╭─ Information provided

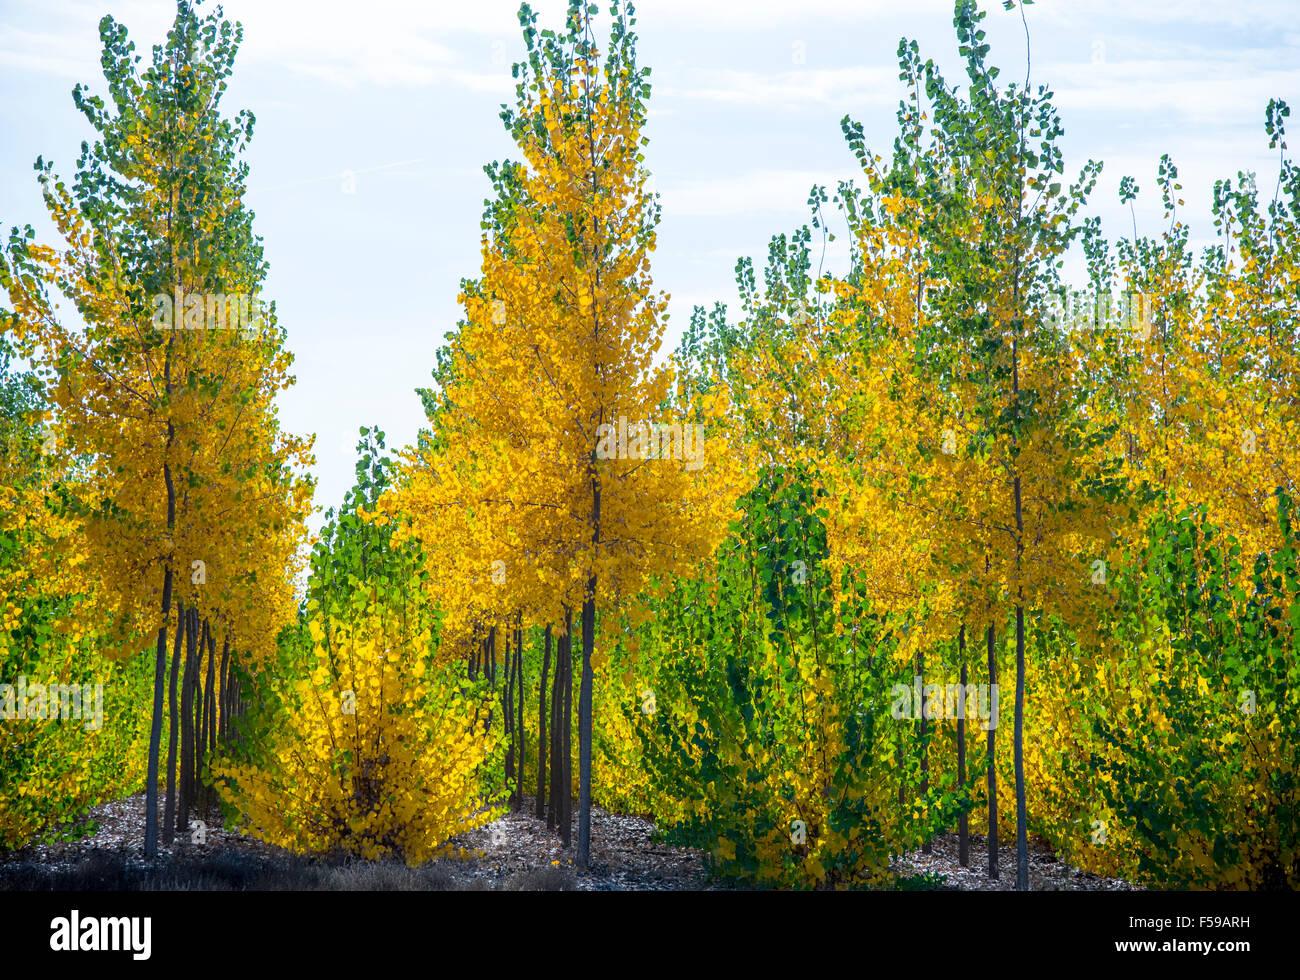 Boardman Baumschule. Schönen Herbstfarben shinning durch Hybrid-Pappel Bäume im Herbst. Oregon Stockfoto
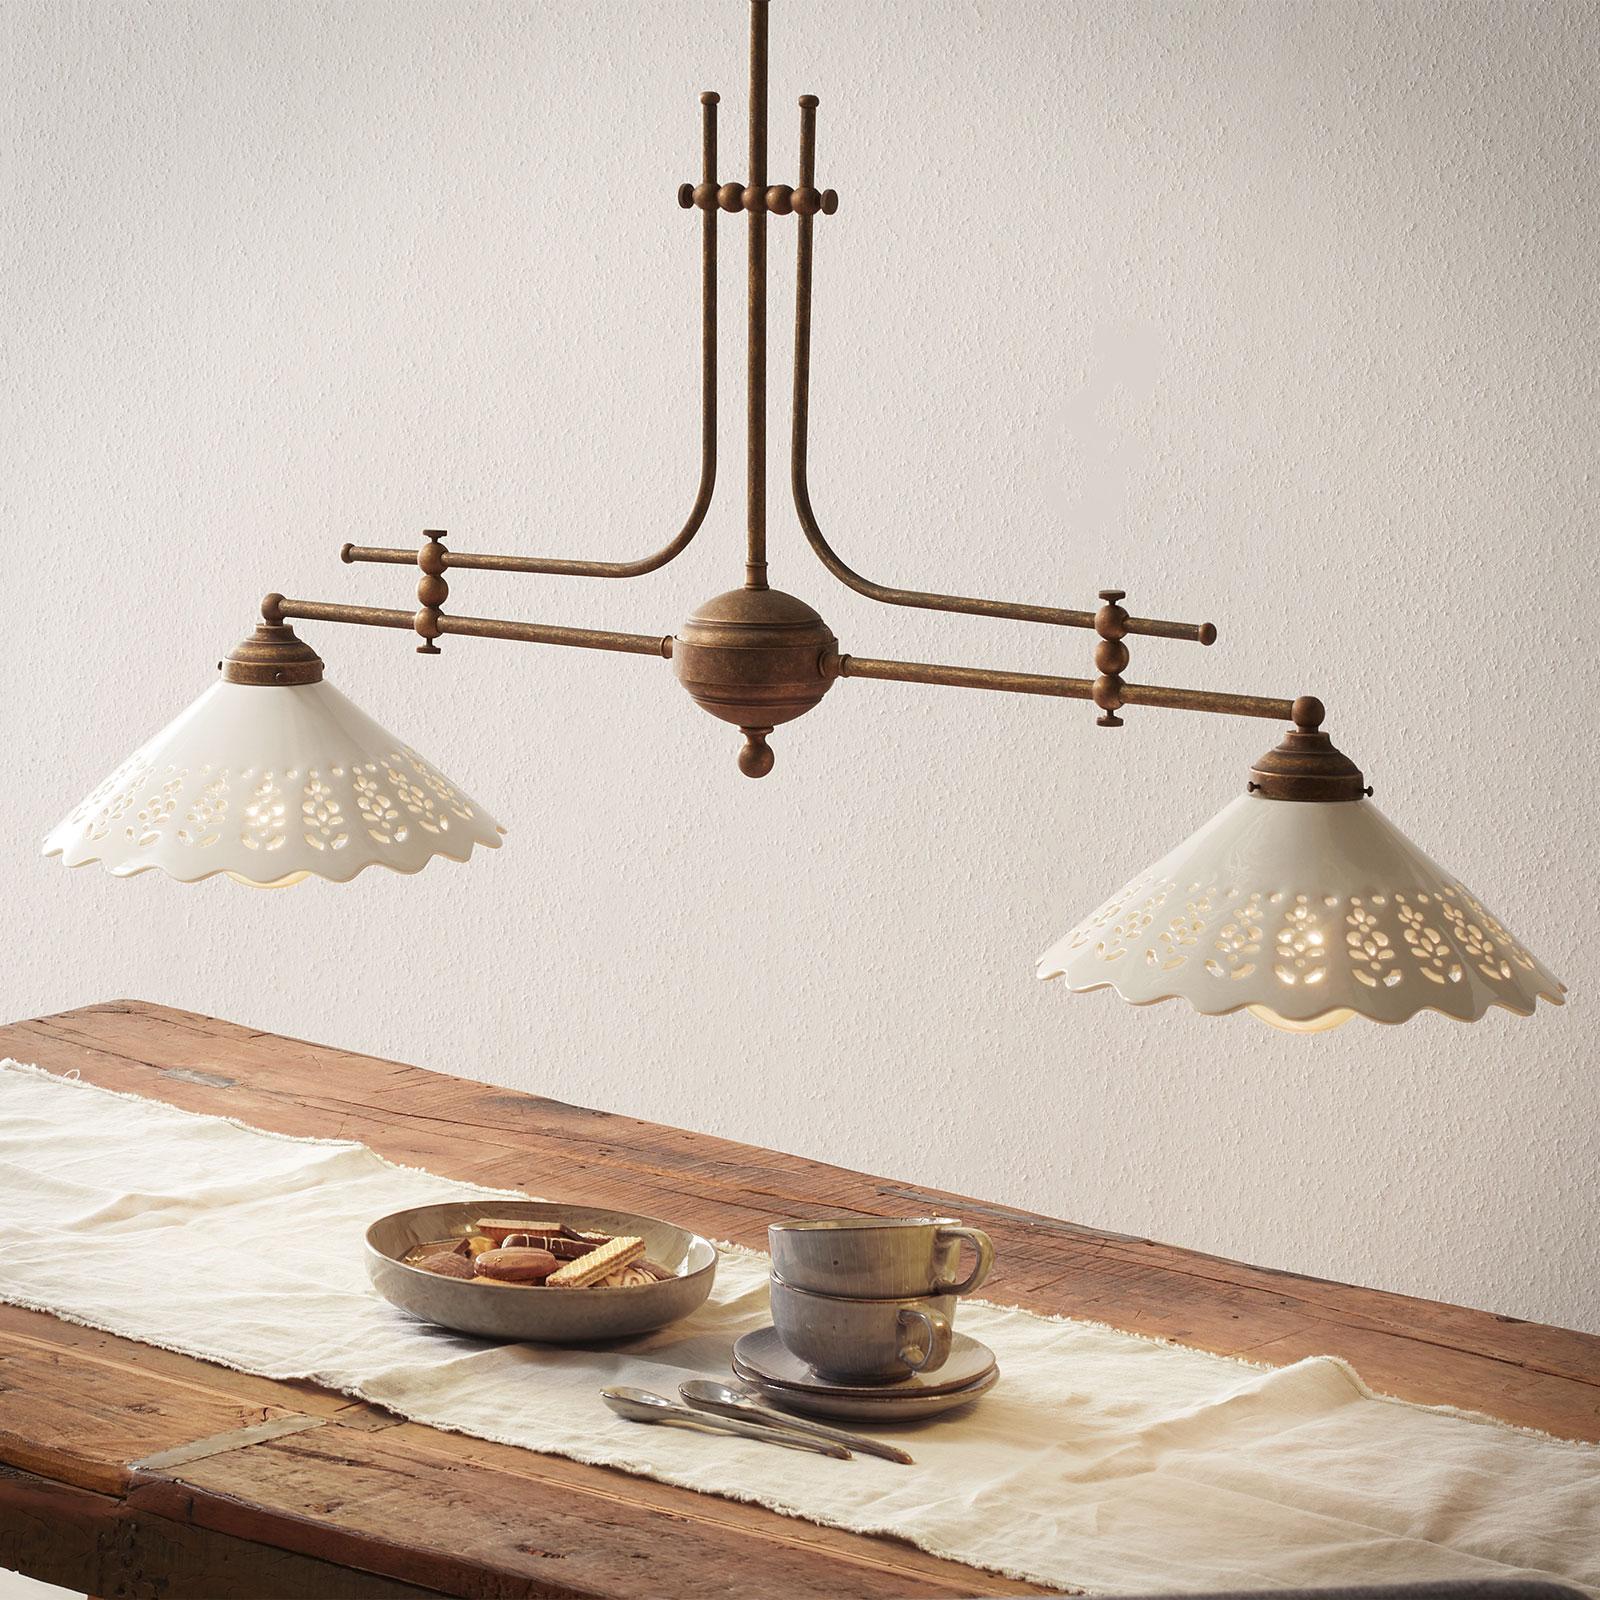 Hanglamp Pizzo met ketting, 2-lamps
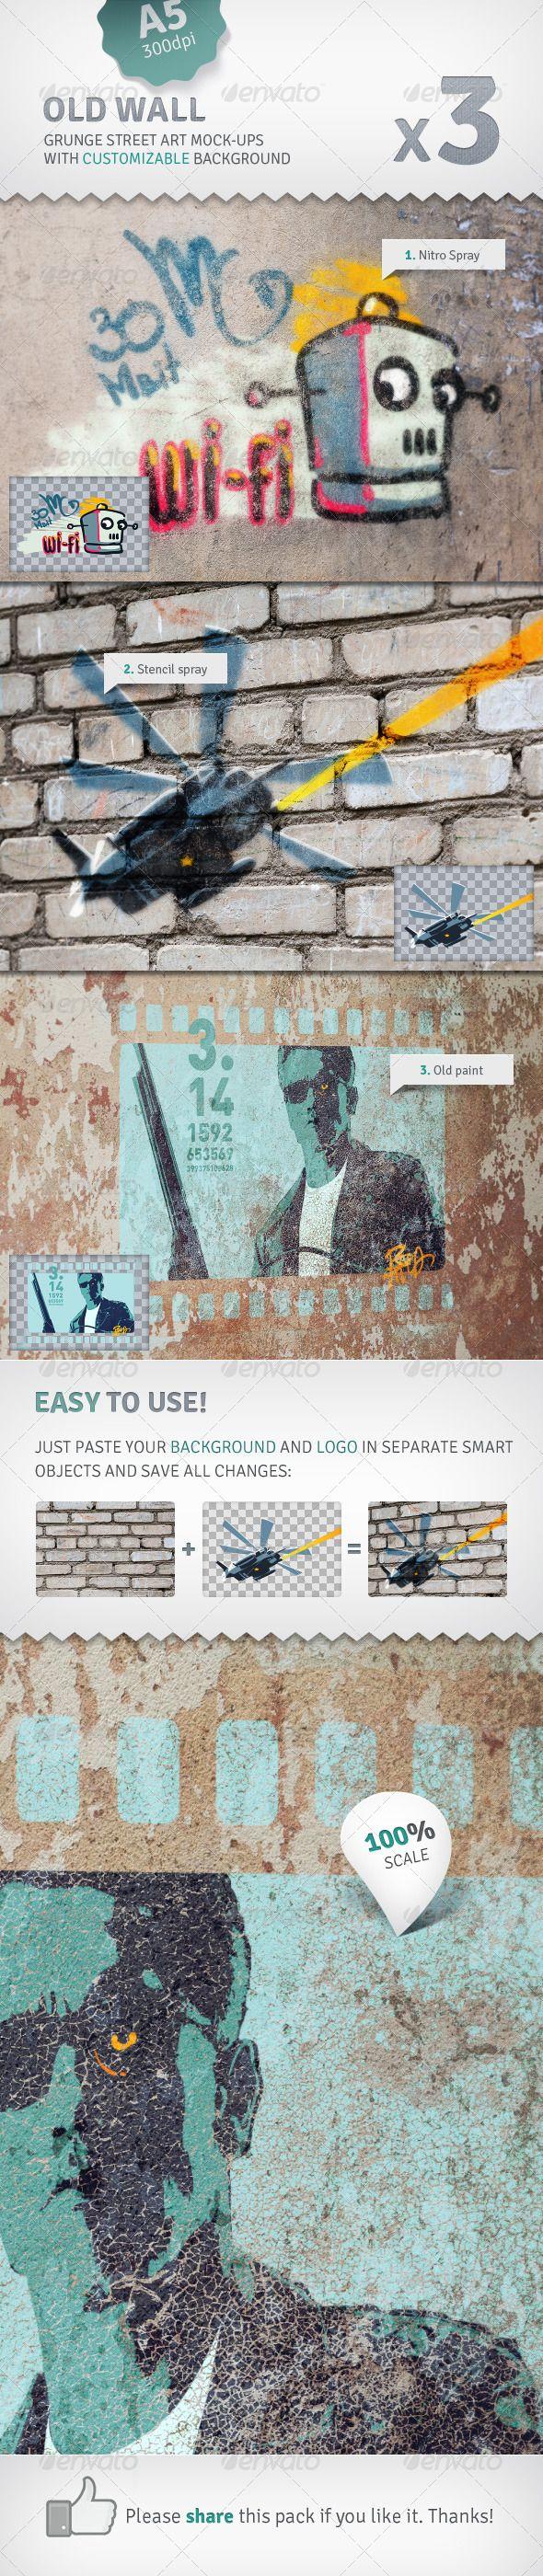 Graffiti wall rubric - Wall 3 Graffiti Street Art Mockups

╰─

[Aim of the task]:
Your answer must be an exact copy of the lines from the one with "Hanglamp Pizzo met ketting, 2-lamps" through the final line of the data, both included, without any pictures.

[Problem solution]:
 Hanglamp Pizzo met ketting, 2-lamps
 Graffiti wall rubric - Wall 3 Graffiti Street Art Mockups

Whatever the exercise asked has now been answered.